Я белый галстук не надел, зато напустил на лицо некоторую важность и явился прямо в канцелярию. Предместник мой, Добышев, был уже там. Он представил мне всех чиновников по очереди.
— Это столоначальник Трусецкий, — говорил он, указывая на господина с большими черными бакенбардами, в синем поношенном сюртуке («Поляк, присланный сюда из западных губерний»,[45] — шепнул при этом). — Это Милианович, сынок Марфы Яковлевны, знаете?
— Как не знать! Мы знакомы. — Я поклонился, но руки, подражая губернатору, не подал: нельзя, подчиненный!
И так далее. Добышев перезнакомил меня со всеми. Чиновники почтительно щелкали нога об ногу и смотрели с любопытством на меня, и я на них, не зная, что им сказать.
— А это сторож Чубук, — со смехом заключил Добышев, указывая на прямого, как палка, солдатика у дверей, с полинявшими галунами.
— Здрравия желаю, ваше высокородие! — провозгласил тот.
— Вот и дела у нас здесь! — продолжал Добышев, отворяя старый шкаф с еле державшеюся дверью: — а эти, что на столе, теперь рассматриваются. Вот бумаги, заготовленные к подписанию его превосходительства. А это новые входящие. Покажите, Иван Семенович, входящий реестр! Вот вам и ключ от стола!

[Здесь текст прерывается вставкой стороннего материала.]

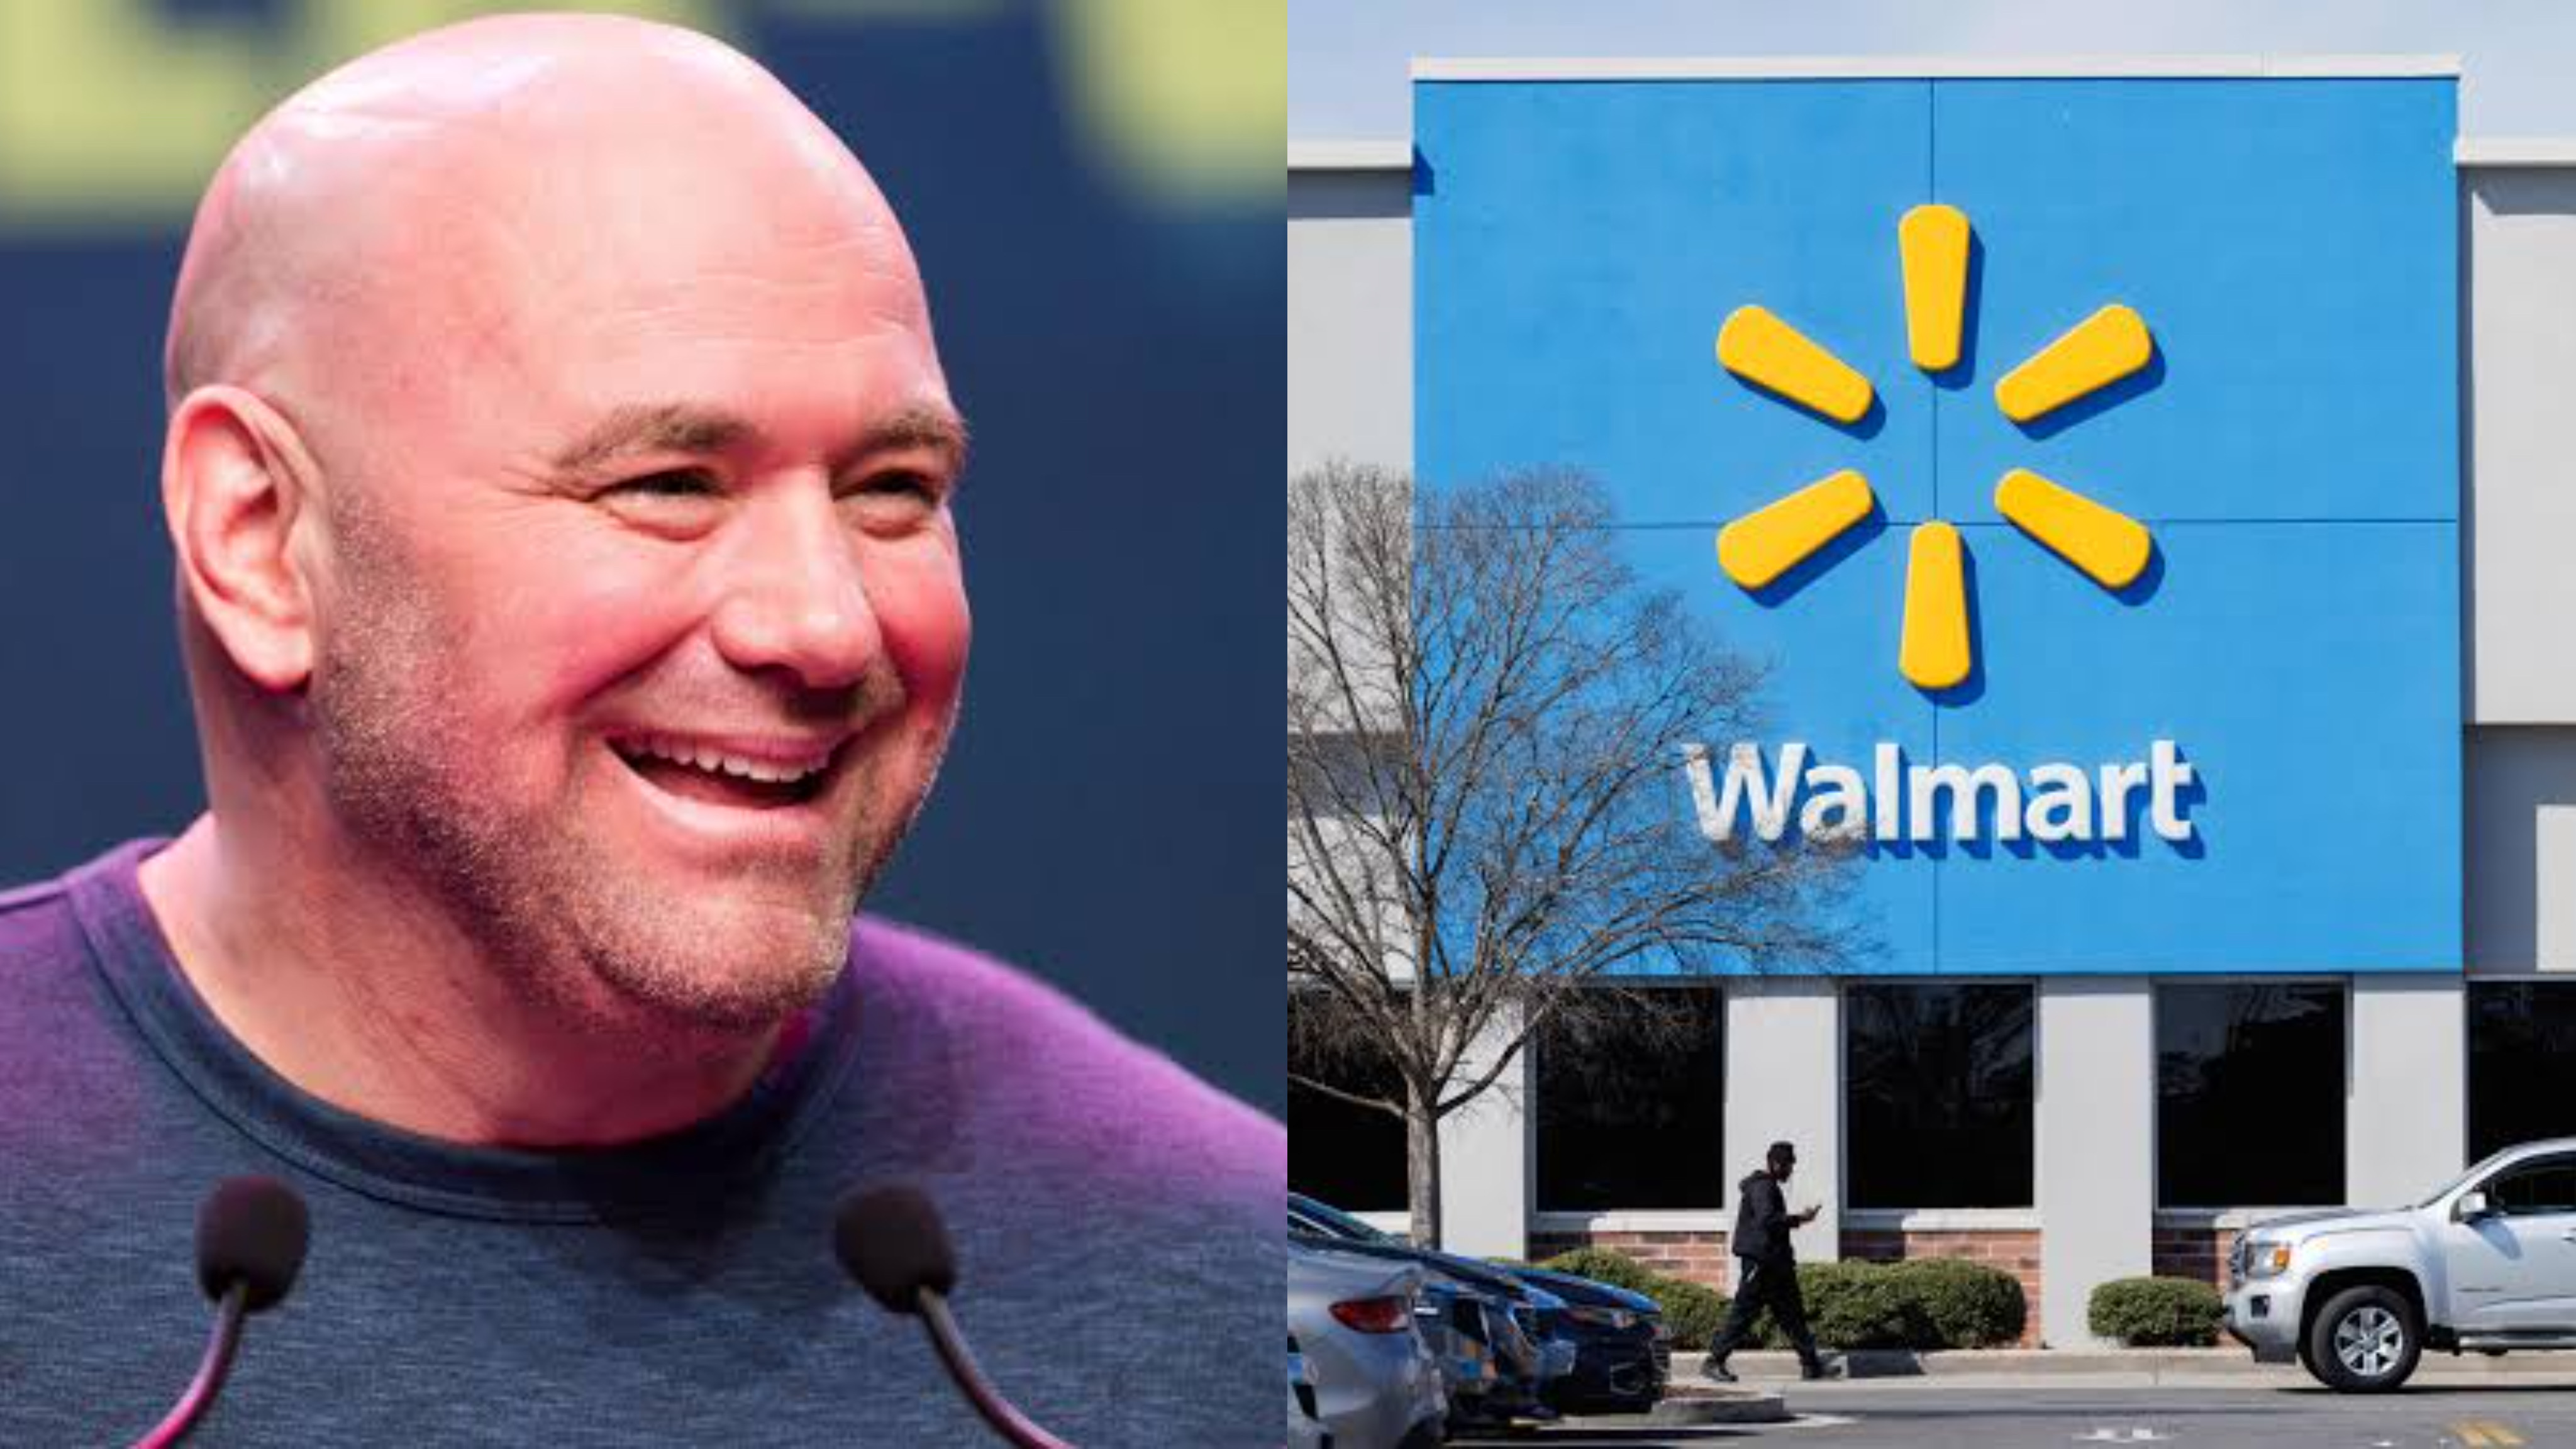 UFC President Dana White Reveals Working On Major Deal With Walmart

Добышев отдал мне ключ. «Тут, в столе, есть две секретные бумаги с губернаторской отметкой. Велено исполнить их поскорее», — прибавил он.
— То есть как это исполнить бумаги? — наивно спросил я, вдруг потеряв всякую важность.
— Написать по губернаторской резолюции исполнение.
Тут Добышева позвали к губернатору. Я сел за стол.
«Написать исполнение!» — думал я, стараясь вникнуть в смысл этой новой для меня фразы.
Вошел Чубук.
— Солдат пришел к вашему высокородию, да еще женщина дожидается давно, — доложил он мне.
Я вышел в прихожую. «Что тебе надо?» — спрашиваю солдатика.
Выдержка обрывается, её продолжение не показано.